I left the curtains open even as the sky grew dark. Around dinner time, the nurse brought in more food and Cameron went back down to the cafeteria for another meal. Since I was actually beginning to feel myself getting hungry, I ate more of my dinner, but still left some of it on the plate.

By the time I was finished, Cameron still hadn't returned, so I lay down on the bed and stared up at the ceiling. I remembered reading about an artist who was paralyzed so that she had to paint with the easel on top of her, staring up at it. That made me think of my dandelion drawing sitting on the drying rack back in the school's art room. Would I ever go back to it?

Just then, the door opened and Cameron stepped inside. He gingerly shut the door behind him and then went to close the curtains, blocking out the cloudy night.

"Try and get some sleep, okay, Evelyn?" he asked me, coming over and resting his hand against my cheek. "You need to get your rest so that you can take care of your sisters—especially Clare once she wakes up."

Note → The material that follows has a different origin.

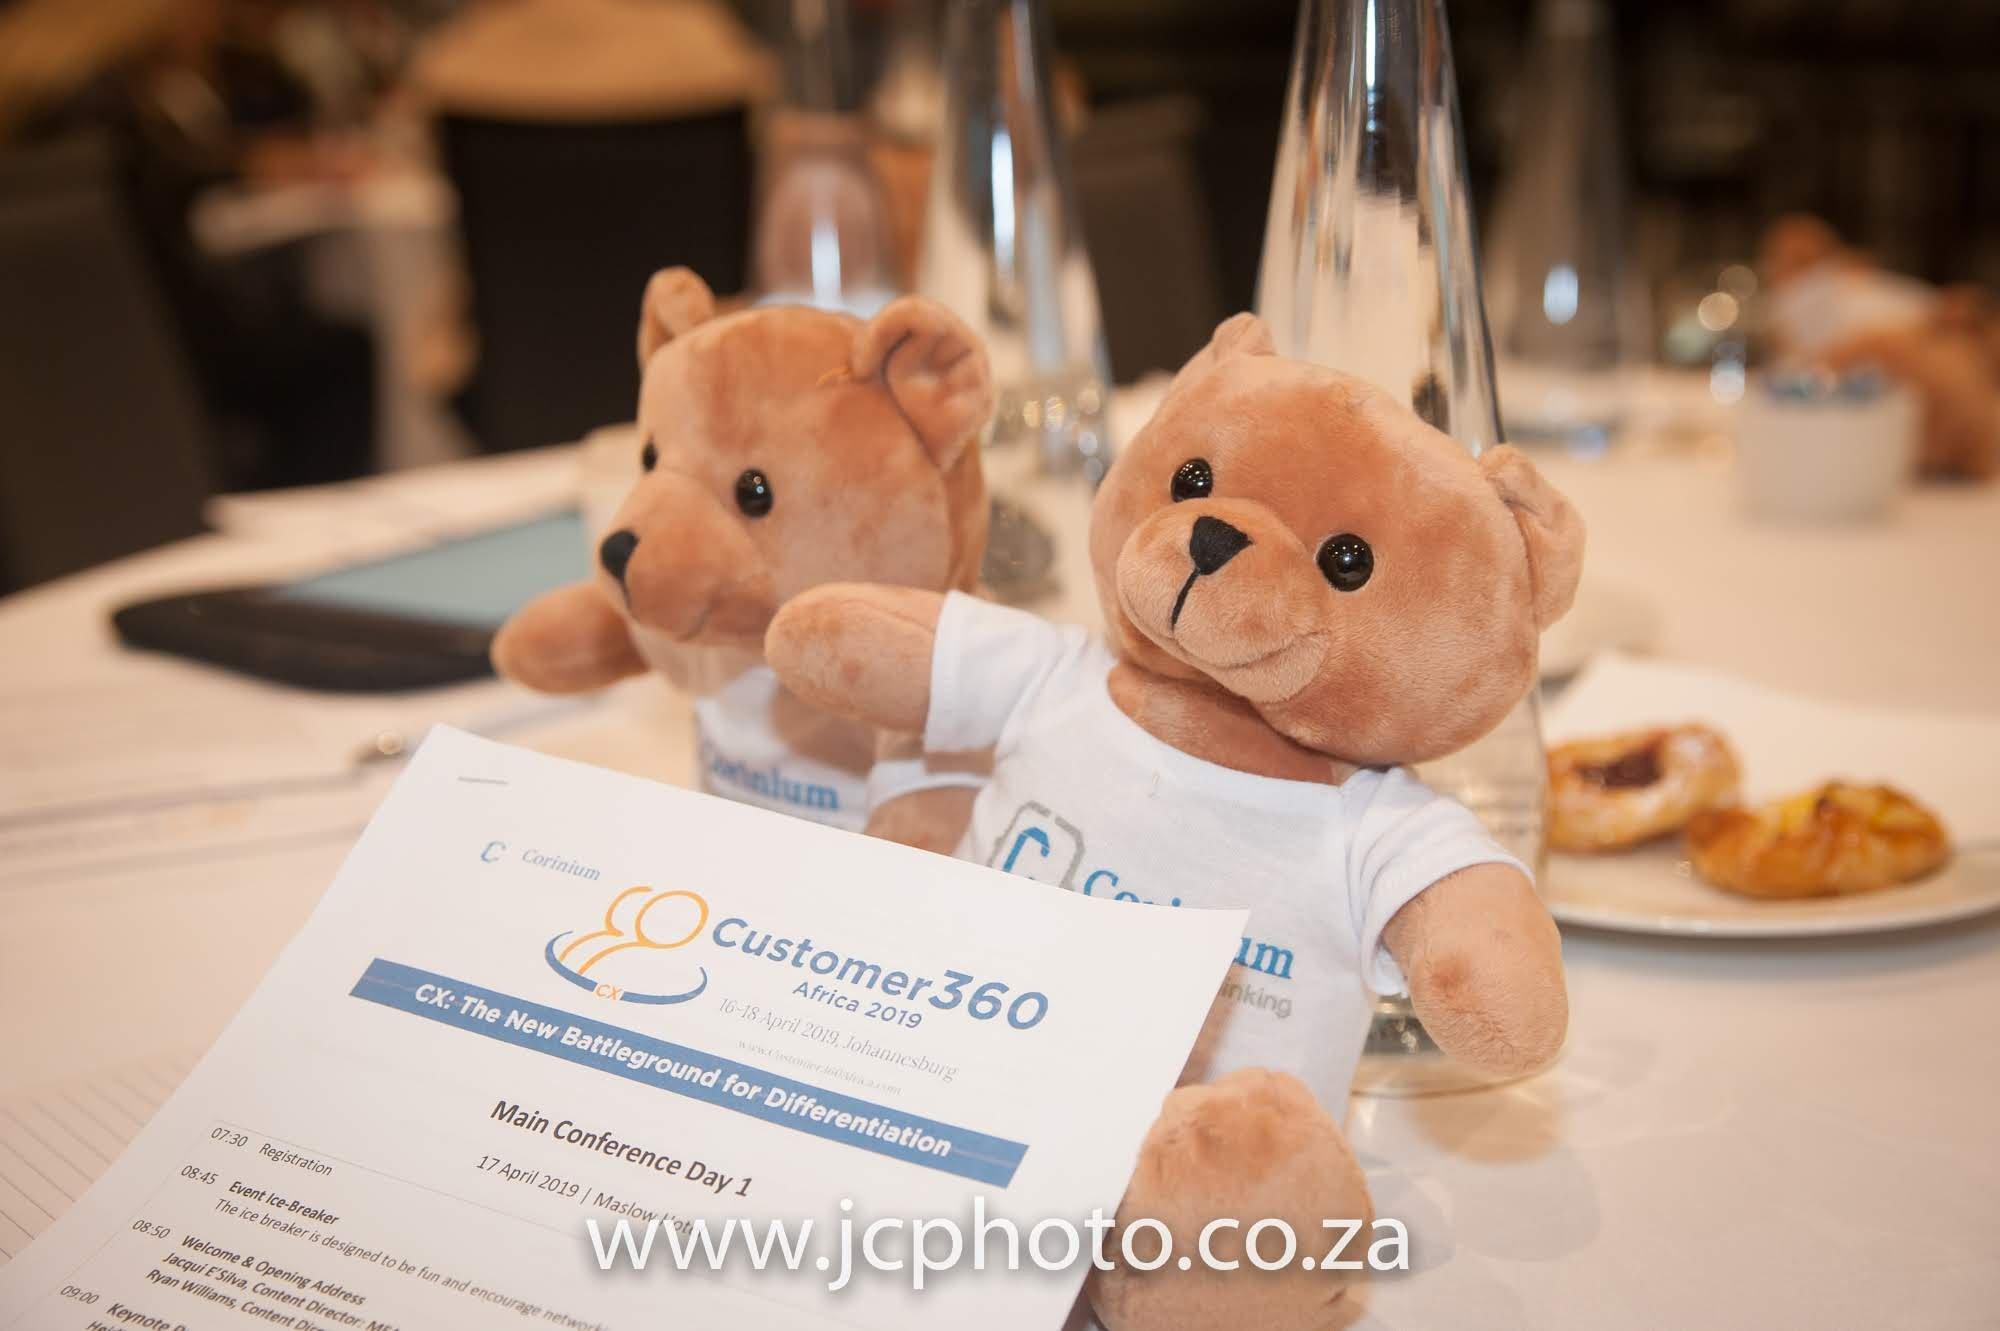 c360 bears

Even though the room was already dark, I closed my eyes as if I were trying to block out what I was seeing. I felt the covers being pulled up around me and Cameron's warm arm around me, and when I opened my eyes, I could see shadows dancing on the ceiling.

The machines in the corner of the room weren't beeping anymore, and I found that now that they were gone I missed their reassuring constancy. All I could hear now was faint noises of the bustling hospital behind the closed door.

What if Clare was taking her last breaths right now, and I had no way of knowing?

"Evelyn?" asked Cameron, as I literally felt my heartbeat increasing until it was pounding and my breaths becoming ragged, "Try and calm down a little, okay? You need sleep more than anything right now."

I rolled over so that I could rest my head on his chest and so that I was facing the window. Though the curtains were closed, I could still see a small sliver of moonlight poking out from behind the clouds.

I experimented by closing my eyes for a few seconds, but all I could hear were tires skidding and cars colliding. I opened them wide again, staring into the incomprehensible darkness instead.